Я, задетый за живое, бывало, защищался, как мог, от обвинений в абстрактности (его обычные обвиненья) и иногда склонял его к своим доводам; постепенно таяли морщины на лбу; и, поставив жестянку с колена на стол, он бросался лысенькою головкою в кресло, роняя руки на ручки и ногу на ногу кладя; взлетали черные, густые брови его; на лице играли теперь доверие и пленительная улыбка, а синий дымок пачками вылетал в потолок из разомкнутых пухлых губ:
— «Великолепно, — не правда ли?»
И вот он уже в овладении деталей им развиваемой мысли; завладев ею, принимается ею вертеть и туда и сюда:
— «Если бы эту мысль применить к моей работе, то вот что вышло бы».

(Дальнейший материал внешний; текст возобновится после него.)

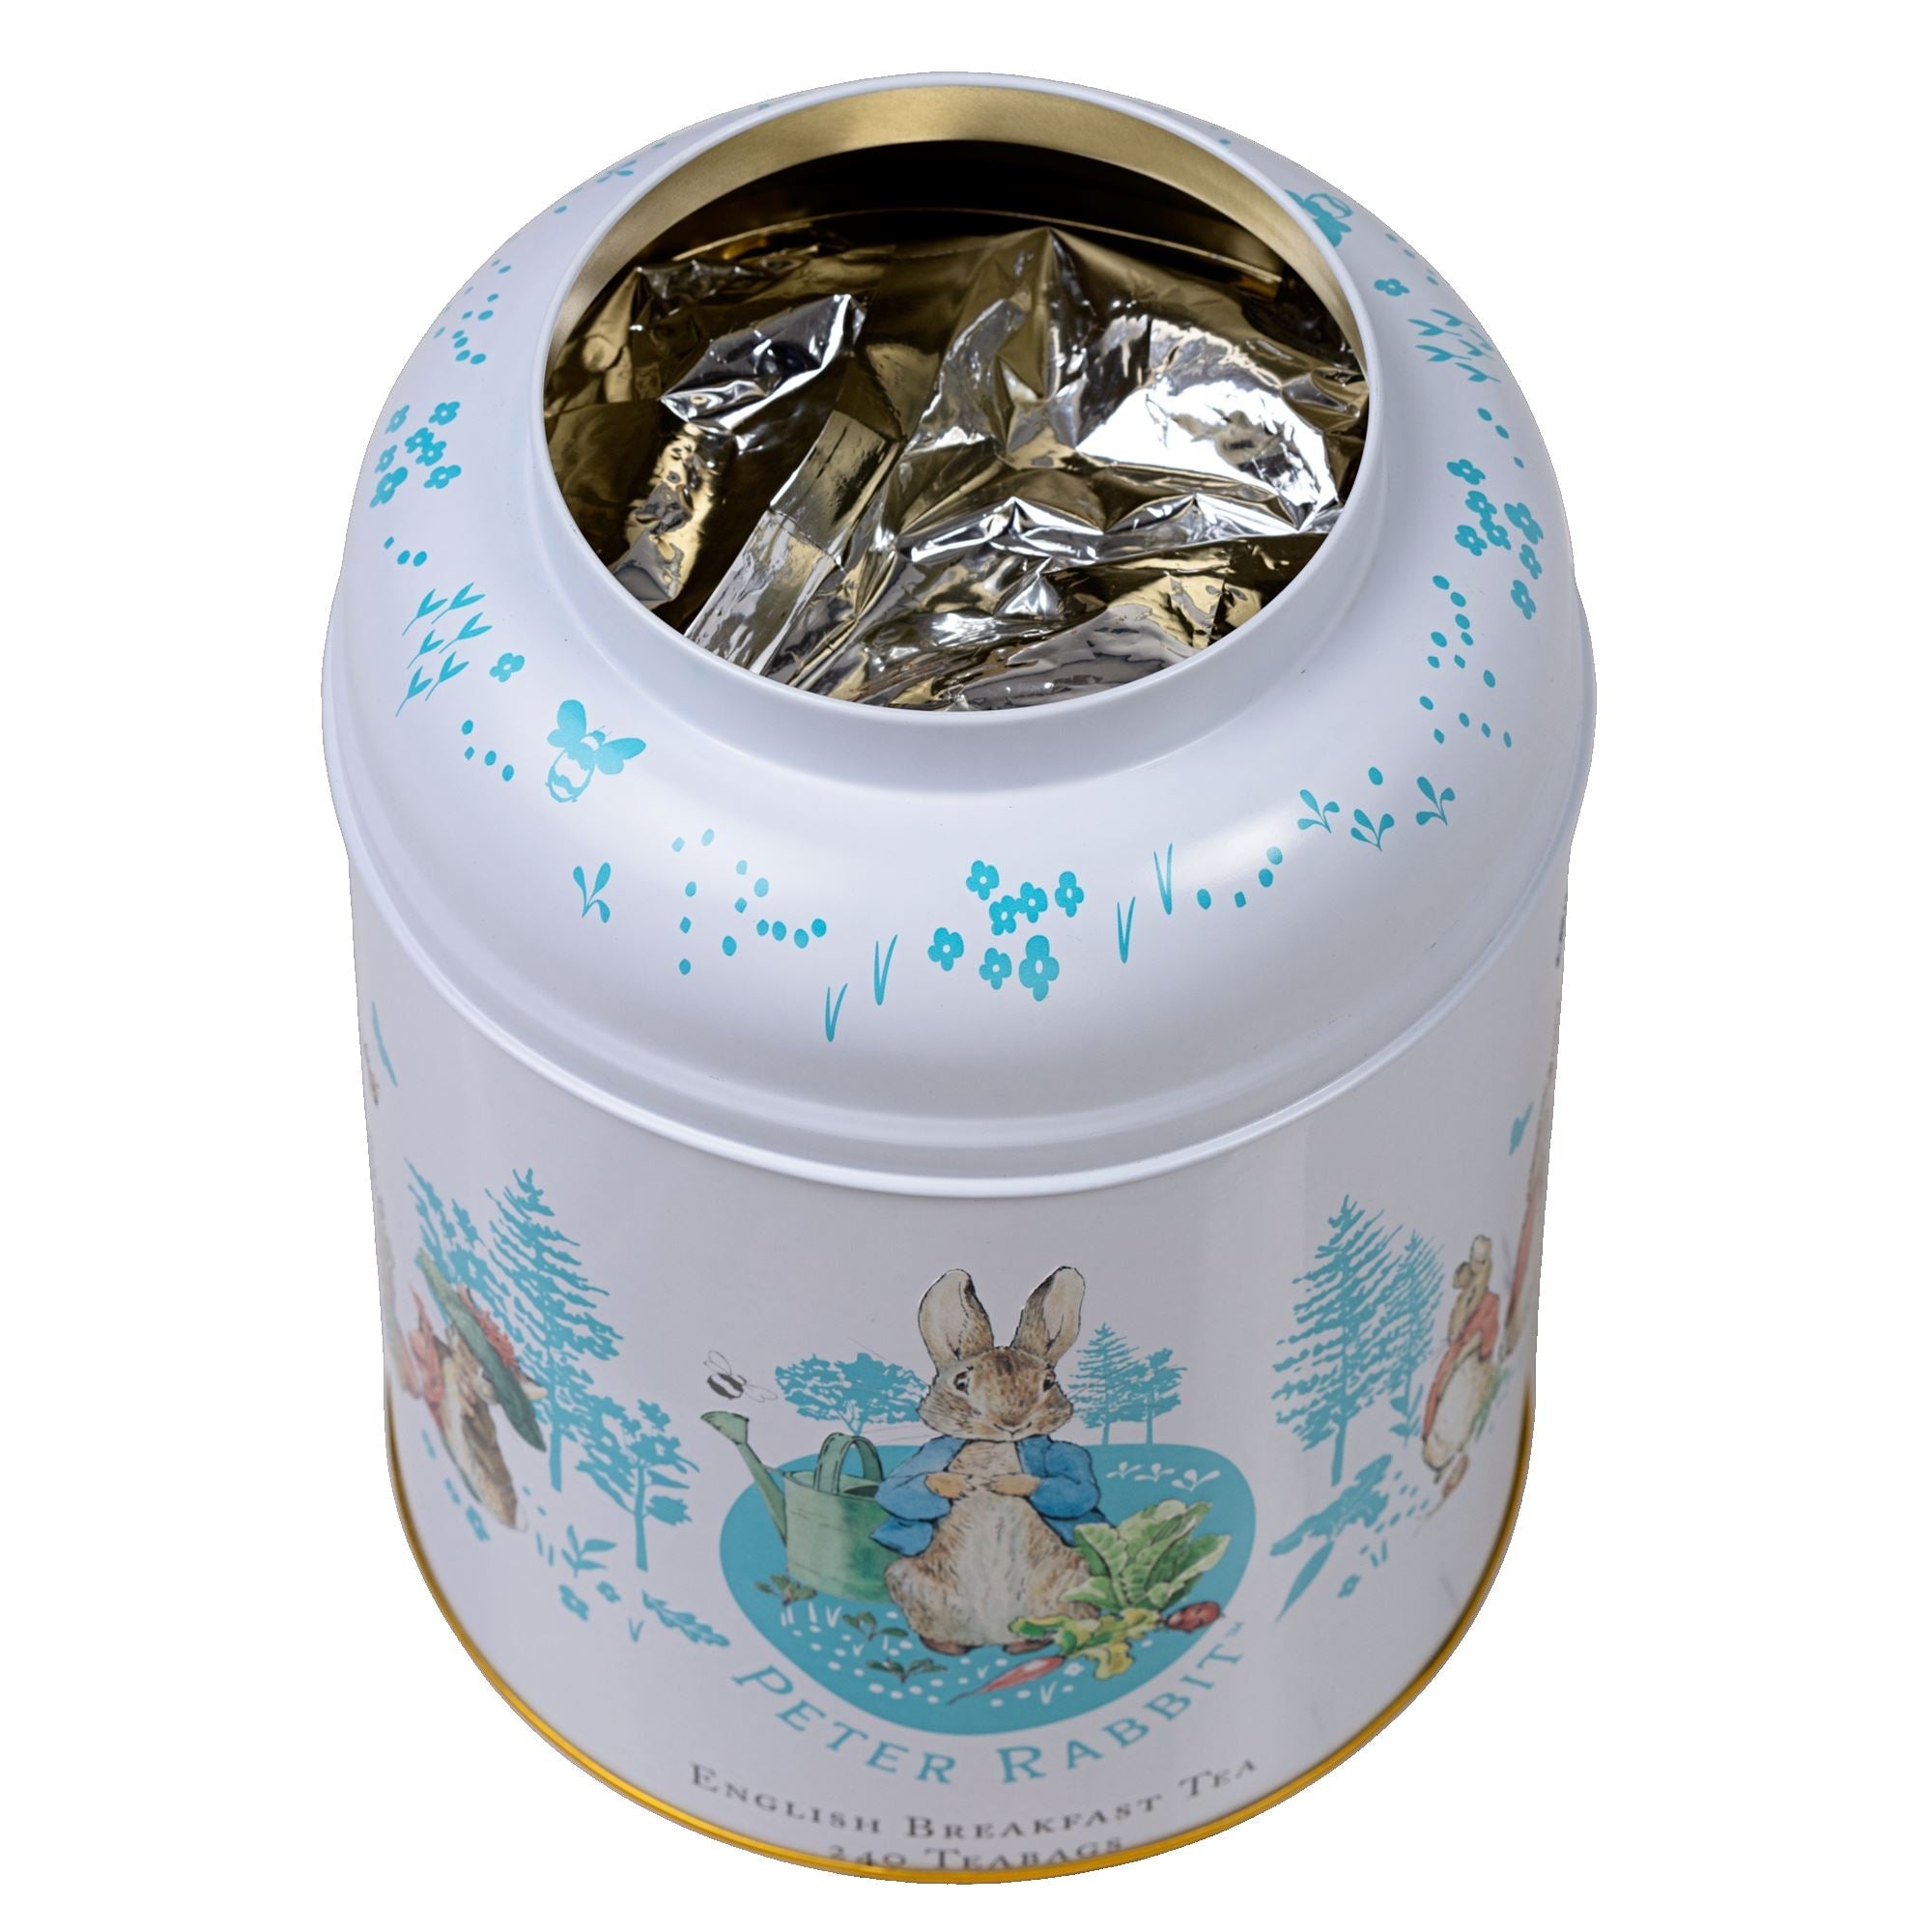 Classic Peter Rabbit Tea Caddy with 240 English Breakfast teabags Black Tea New English Teas

И закипит: и вводит в только что им сделанное наблюдение.
На лето мы разъезжались; осенью первая встреча с М. О. становилась моим обстоятельнейшим докладом ему о всем том, что я наработал, надумал; такого внимания я ни в ком не встречал после смерти М. С. Соловьева; каждый занят собой: Бердяев, Булгаков, Бальмонт, Мережковские и Блок; М. О., живя собственным творчеством, был готов в любую минуту убрать свои думы, чтобы внырнуть в твои думы.
Как он радовался успеху моего романа «Серебряный голубь»; как друзей своих заставлял одолевать этот том; как позднее он силился мне объяснить мою повесть «Котик Летаев»:
— «Вы вскрыли, — фыркал он, — недра: картина совсем неприятная, точно вываливаются на тебя внутренности; но как захватывает. Что ж, — такое дело ваше: взрезать поверхность и вскрывать недра; вы оператор в литературе; ваше дело взрезать брюшину; дело других — сшивать».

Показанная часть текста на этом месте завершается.